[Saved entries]
+++

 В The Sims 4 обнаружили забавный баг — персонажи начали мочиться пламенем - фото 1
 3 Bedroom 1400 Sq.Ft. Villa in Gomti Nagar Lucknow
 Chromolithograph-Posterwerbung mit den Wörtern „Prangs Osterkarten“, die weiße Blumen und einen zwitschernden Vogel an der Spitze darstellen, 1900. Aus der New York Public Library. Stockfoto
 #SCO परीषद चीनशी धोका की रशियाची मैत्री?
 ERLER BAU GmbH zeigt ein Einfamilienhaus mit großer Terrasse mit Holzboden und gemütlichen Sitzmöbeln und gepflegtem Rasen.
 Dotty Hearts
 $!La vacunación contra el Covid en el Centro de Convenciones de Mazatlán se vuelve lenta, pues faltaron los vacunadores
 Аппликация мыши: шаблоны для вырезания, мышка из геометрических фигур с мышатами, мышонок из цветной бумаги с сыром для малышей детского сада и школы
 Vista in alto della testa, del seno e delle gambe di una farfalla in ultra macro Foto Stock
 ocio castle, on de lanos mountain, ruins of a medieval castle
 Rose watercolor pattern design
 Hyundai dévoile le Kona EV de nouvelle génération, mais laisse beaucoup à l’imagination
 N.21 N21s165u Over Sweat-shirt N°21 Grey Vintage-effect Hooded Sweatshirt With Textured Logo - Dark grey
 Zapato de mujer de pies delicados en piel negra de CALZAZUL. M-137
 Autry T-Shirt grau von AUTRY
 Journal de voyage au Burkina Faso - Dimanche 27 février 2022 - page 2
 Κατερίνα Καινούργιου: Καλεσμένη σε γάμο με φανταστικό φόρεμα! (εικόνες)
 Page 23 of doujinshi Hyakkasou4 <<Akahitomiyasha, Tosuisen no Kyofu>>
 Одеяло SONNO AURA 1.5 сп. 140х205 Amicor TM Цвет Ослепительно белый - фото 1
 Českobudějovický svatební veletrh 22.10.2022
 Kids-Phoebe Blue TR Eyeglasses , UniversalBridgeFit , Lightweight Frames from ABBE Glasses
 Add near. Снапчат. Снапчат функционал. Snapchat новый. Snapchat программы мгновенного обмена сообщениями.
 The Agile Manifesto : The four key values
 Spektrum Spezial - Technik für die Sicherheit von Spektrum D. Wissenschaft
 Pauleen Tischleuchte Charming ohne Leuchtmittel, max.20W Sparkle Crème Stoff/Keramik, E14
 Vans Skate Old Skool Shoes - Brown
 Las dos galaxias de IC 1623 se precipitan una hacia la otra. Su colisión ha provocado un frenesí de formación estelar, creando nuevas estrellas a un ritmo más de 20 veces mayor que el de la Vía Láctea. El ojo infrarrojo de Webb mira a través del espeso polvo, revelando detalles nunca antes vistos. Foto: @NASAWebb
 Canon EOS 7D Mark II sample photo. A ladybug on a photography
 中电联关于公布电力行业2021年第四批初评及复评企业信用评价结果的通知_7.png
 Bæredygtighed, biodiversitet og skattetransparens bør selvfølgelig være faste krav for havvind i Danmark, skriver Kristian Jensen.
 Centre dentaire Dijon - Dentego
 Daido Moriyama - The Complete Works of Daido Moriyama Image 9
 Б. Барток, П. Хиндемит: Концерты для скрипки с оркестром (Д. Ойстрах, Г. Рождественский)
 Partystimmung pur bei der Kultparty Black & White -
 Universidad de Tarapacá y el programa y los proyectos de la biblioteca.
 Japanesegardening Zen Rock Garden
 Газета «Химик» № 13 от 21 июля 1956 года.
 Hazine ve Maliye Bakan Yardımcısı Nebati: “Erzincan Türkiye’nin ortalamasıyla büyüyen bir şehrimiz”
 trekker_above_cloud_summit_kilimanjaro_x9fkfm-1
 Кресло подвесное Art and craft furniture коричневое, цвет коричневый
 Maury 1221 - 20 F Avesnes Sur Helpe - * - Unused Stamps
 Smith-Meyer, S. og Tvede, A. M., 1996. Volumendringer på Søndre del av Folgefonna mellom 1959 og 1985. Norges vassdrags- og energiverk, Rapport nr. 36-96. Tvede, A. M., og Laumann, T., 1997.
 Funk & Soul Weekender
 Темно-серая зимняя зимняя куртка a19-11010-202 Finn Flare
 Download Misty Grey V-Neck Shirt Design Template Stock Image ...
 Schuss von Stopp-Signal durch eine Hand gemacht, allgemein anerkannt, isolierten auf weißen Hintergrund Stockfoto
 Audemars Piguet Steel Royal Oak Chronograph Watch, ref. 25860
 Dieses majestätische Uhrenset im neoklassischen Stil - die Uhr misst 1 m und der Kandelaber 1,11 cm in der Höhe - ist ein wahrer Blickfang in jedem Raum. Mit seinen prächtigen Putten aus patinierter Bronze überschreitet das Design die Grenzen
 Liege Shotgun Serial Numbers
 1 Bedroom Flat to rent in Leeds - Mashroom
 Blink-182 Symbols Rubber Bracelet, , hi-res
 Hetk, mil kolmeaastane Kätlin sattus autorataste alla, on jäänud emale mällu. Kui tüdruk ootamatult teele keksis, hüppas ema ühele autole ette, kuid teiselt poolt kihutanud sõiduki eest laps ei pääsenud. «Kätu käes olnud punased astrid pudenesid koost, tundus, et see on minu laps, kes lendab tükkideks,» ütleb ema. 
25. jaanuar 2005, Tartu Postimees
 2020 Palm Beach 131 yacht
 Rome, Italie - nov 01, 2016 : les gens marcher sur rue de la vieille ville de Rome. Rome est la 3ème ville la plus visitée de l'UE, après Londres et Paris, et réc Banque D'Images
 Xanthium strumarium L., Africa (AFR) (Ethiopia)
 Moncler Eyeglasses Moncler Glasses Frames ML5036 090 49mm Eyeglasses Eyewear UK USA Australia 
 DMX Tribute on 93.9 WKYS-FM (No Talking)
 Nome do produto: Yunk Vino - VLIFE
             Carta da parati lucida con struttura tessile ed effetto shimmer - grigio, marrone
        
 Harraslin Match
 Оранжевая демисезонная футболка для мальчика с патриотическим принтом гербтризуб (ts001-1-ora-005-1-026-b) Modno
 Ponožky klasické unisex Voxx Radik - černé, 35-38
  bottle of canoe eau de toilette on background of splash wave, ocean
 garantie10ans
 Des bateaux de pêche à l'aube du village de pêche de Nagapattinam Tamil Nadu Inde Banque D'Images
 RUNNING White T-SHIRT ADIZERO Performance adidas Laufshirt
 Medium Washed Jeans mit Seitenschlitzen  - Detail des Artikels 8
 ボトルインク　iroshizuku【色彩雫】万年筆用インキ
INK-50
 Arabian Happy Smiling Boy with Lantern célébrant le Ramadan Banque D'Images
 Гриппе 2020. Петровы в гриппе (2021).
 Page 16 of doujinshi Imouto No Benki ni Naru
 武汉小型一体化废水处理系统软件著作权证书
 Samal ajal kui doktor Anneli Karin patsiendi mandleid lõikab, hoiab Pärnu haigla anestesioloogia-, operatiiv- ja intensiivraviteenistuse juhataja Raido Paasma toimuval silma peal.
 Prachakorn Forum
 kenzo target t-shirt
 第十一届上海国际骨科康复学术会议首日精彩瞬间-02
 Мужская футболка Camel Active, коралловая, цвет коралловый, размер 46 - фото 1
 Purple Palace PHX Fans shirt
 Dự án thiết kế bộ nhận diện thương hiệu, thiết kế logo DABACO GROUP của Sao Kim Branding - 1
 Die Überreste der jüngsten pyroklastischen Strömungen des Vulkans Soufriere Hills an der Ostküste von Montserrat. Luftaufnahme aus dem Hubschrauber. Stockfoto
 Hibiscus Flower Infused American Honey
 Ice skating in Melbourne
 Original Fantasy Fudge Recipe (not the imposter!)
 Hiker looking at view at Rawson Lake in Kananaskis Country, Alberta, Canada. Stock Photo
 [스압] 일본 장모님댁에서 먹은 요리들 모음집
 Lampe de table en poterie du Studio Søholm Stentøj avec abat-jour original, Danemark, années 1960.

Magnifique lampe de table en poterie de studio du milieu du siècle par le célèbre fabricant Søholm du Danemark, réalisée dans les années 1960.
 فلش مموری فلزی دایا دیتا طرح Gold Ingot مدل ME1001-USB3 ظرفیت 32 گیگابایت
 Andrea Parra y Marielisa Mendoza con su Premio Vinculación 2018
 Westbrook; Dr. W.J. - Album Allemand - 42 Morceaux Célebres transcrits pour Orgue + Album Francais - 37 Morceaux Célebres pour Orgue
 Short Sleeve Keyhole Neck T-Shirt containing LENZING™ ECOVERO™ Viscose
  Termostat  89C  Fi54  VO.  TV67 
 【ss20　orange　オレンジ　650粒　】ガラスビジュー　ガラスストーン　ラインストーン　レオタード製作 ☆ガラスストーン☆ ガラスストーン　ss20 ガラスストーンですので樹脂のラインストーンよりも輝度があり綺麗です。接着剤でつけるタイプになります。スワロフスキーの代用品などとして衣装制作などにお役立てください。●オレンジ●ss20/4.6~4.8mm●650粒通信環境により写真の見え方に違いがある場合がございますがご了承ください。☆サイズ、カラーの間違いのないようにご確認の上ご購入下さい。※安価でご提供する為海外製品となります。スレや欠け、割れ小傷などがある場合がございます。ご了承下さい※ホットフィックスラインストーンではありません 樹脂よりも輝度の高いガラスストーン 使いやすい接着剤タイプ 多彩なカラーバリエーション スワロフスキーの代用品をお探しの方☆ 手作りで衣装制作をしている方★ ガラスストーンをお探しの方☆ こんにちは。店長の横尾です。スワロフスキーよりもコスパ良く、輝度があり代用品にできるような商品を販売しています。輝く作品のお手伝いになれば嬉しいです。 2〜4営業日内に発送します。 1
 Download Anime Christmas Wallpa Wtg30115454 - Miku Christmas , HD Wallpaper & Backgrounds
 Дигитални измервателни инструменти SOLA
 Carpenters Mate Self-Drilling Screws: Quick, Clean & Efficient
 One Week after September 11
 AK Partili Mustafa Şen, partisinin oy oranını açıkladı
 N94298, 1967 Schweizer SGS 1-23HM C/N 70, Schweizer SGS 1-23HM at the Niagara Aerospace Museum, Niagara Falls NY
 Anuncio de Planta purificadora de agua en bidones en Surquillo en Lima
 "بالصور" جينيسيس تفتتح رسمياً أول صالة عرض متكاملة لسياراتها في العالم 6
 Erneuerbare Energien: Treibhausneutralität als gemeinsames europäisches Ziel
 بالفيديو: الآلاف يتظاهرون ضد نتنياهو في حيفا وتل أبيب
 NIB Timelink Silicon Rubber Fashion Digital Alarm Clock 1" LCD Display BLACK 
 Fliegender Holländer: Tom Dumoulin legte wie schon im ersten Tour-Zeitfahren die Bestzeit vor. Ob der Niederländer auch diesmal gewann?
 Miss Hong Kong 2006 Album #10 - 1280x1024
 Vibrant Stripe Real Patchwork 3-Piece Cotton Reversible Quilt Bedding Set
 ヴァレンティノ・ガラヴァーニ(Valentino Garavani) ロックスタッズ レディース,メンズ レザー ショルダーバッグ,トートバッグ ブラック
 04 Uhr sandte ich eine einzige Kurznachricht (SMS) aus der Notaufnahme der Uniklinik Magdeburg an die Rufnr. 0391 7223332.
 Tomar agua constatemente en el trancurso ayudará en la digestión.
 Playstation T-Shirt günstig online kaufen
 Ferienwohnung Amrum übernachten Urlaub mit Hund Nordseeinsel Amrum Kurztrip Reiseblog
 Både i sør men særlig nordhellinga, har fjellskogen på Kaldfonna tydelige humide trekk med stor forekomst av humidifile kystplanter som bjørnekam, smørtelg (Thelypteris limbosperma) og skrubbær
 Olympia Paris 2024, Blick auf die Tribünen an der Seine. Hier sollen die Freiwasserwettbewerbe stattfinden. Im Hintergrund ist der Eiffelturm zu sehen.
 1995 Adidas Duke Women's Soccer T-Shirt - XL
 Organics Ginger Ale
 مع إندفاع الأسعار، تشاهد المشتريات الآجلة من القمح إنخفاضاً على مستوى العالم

+++

Problem to solve:
Transcribe only, please, the lines from the first line of the records through the line with "Las dos galaxias". Both of those lines are included.

Output for this task:
 В The Sims 4 обнаружили забавный баг — персонажи начали мочиться пламенем - фото 1
 3 Bedroom 1400 Sq.Ft. Villa in Gomti Nagar Lucknow
 Chromolithograph-Posterwerbung mit den Wörtern „Prangs Osterkarten“, die weiße Blumen und einen zwitschernden Vogel an der Spitze darstellen, 1900. Aus der New York Public Library. Stockfoto
 #SCO परीषद चीनशी धोका की रशियाची मैत्री?
 ERLER BAU GmbH zeigt ein Einfamilienhaus mit großer Terrasse mit Holzboden und gemütlichen Sitzmöbeln und gepflegtem Rasen.
 Dotty Hearts
 $!La vacunación contra el Covid en el Centro de Convenciones de Mazatlán se vuelve lenta, pues faltaron los vacunadores
 Аппликация мыши: шаблоны для вырезания, мышка из геометрических фигур с мышатами, мышонок из цветной бумаги с сыром для малышей детского сада и школы
 Vista in alto della testa, del seno e delle gambe di una farfalla in ultra macro Foto Stock
 ocio castle, on de lanos mountain, ruins of a medieval castle
 Rose watercolor pattern design
 Hyundai dévoile le Kona EV de nouvelle génération, mais laisse beaucoup à l’imagination
 N.21 N21s165u Over Sweat-shirt N°21 Grey Vintage-effect Hooded Sweatshirt With Textured Logo - Dark grey
 Zapato de mujer de pies delicados en piel negra de CALZAZUL. M-137
 Autry T-Shirt grau von AUTRY
 Journal de voyage au Burkina Faso - Dimanche 27 février 2022 - page 2
 Κατερίνα Καινούργιου: Καλεσμένη σε γάμο με φανταστικό φόρεμα! (εικόνες)
 Page 23 of doujinshi Hyakkasou4 <<Akahitomiyasha, Tosuisen no Kyofu>>
 Одеяло SONNO AURA 1.5 сп. 140х205 Amicor TM Цвет Ослепительно белый - фото 1
 Českobudějovický svatební veletrh 22.10.2022
 Kids-Phoebe Blue TR Eyeglasses , UniversalBridgeFit , Lightweight Frames from ABBE Glasses
 Add near. Снапчат. Снапчат функционал. Snapchat новый. Snapchat программы мгновенного обмена сообщениями.
 The Agile Manifesto : The four key values
 Spektrum Spezial - Technik für die Sicherheit von Spektrum D. Wissenschaft
 Pauleen Tischleuchte Charming ohne Leuchtmittel, max.20W Sparkle Crème Stoff/Keramik, E14
 Vans Skate Old Skool Shoes - Brown
 Las dos galaxias de IC 1623 se precipitan una hacia la otra. Su colisión ha provocado un frenesí de formación estelar, creando nuevas estrellas a un ritmo más de 20 veces mayor que el de la Vía Láctea. El ojo infrarrojo de Webb mira a través del espeso polvo, revelando detalles nunca antes vistos. Foto: @NASAWebb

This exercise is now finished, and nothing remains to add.